Kill this bill and start over.

We need health reform desperately, but not this bill.

Don’t be fooled into allowing the underlying 2700 pages bill, which the health care industry crafted, which will allow them to steal at will from us and the US Treasury, to become law. 

It will force us to purchase questionable insurance to purchase overpriced care.

The health care industry reported paying $600,000,000. dollars so far for this bill.

What other deals and payoffs have been made?

Real Public Option reforms which would save lives and save money have been kept out of the debate by the President, Democrats, and Republicans, did anyone commit crimes doing it?

Eliot Spitzer should be put in charge of a federal squad of Untouchables to perform hard nosed audits and investigations of Wall Street and Washington which will ascertain what roll criminal activity has had and is having in the destructive behavior which has decimated individual wealth, political fairness, and the United States Treasury.

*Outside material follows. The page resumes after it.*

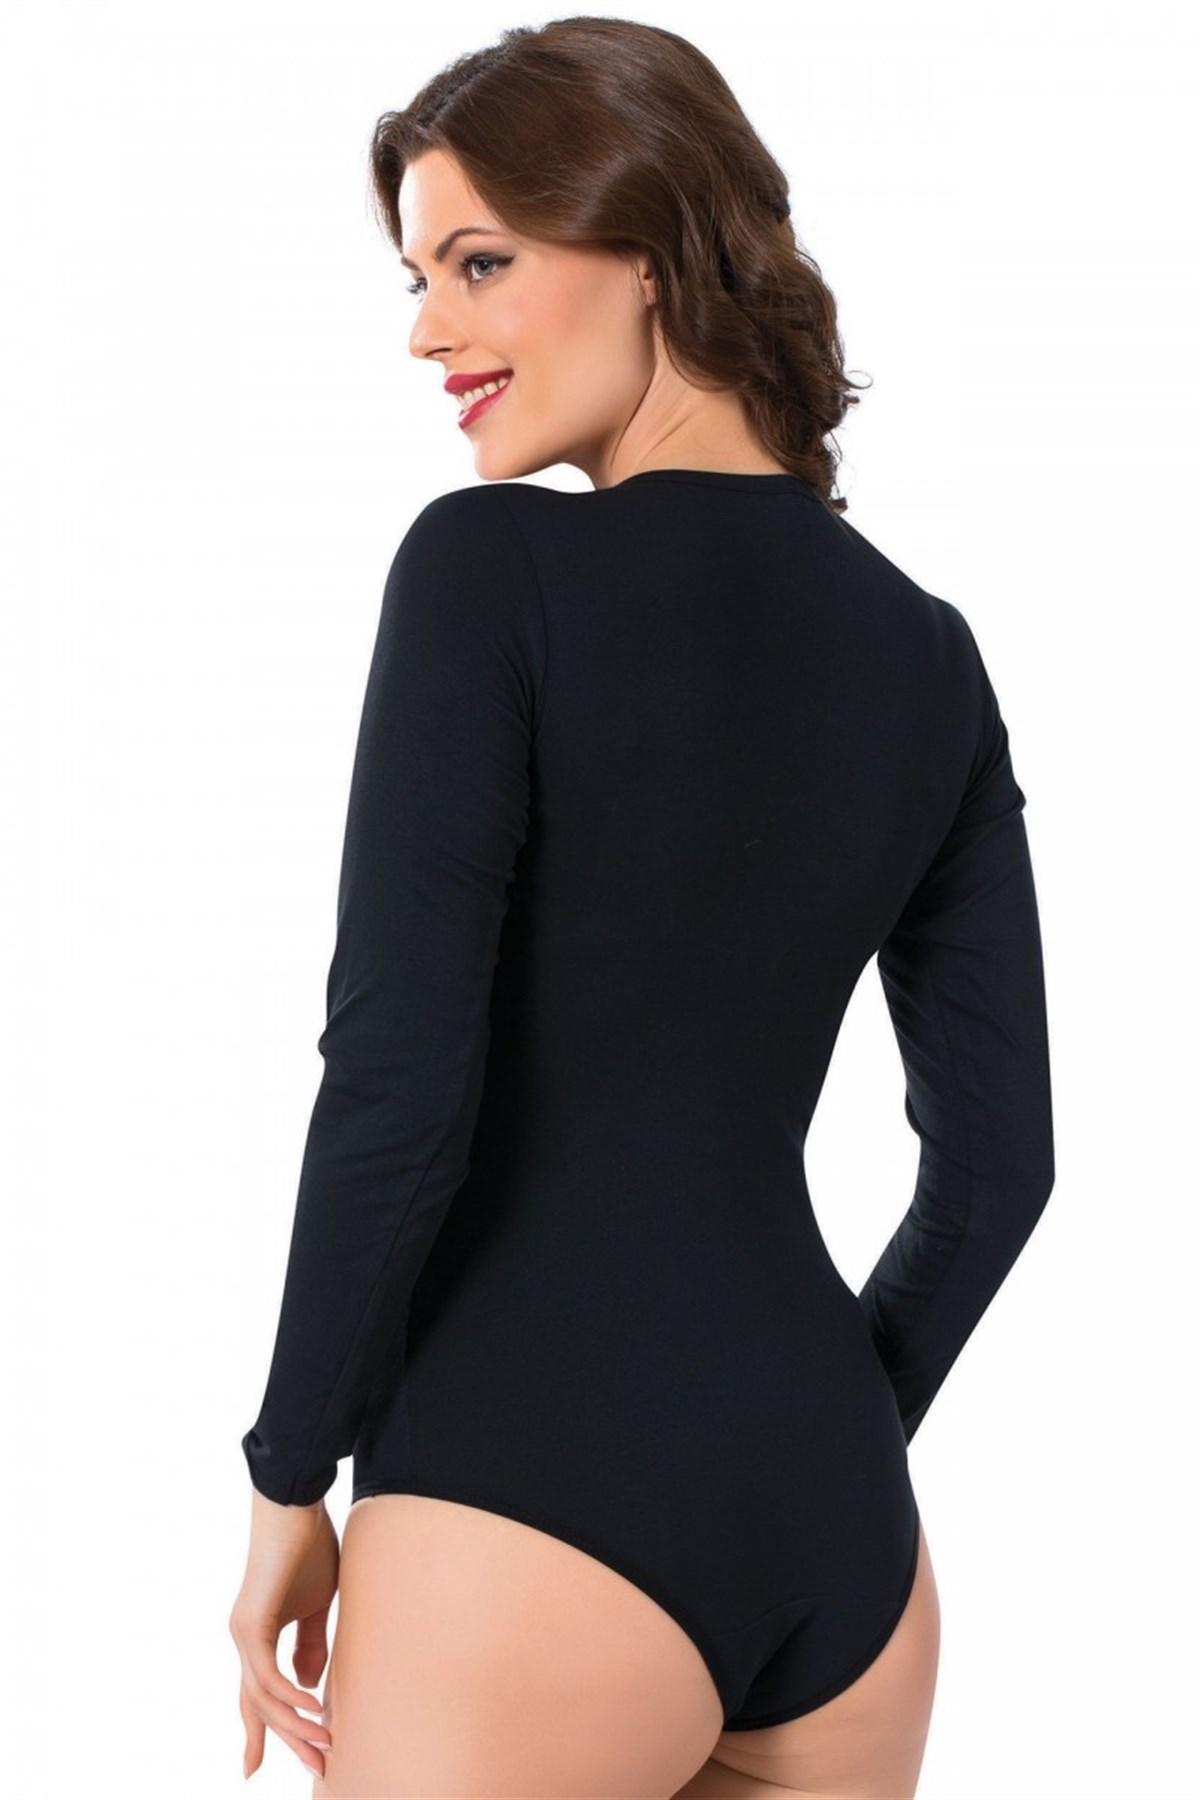 Moda Çizgi Bayan Uzun Kol Çıtçıtlı Body 244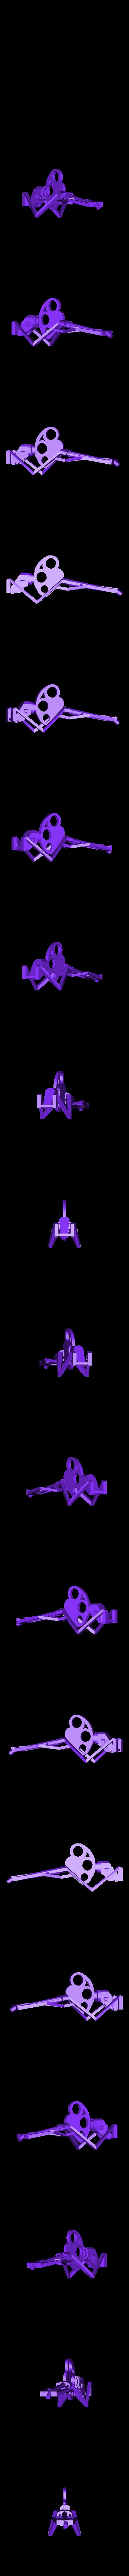 Bisj_mother_3.stl Download free STL file Bisj : Motherhood • 3D printable model, Slagerqod

All 300 million people in the US could receive free public option health care, delivered from government VA system styled hospitals, paid for with sales tax revenues instead of insurance premiums, and it would save $1trillion dollars every year from the $2.6trillion spent last year.

Everyone choosing government, sales tax funded care, could have it free with no restrictions primary, inpatient, outpatient, long-term, mental, ophthalmology and dentistry including medications.

Either Free Public Option or Private Purchase Private Care options for everyone to choose from.

Bill Watson | submitted on 03/05/2010, 6:36pm

Just give us the same healthcare that congress and the senate gets. that will do.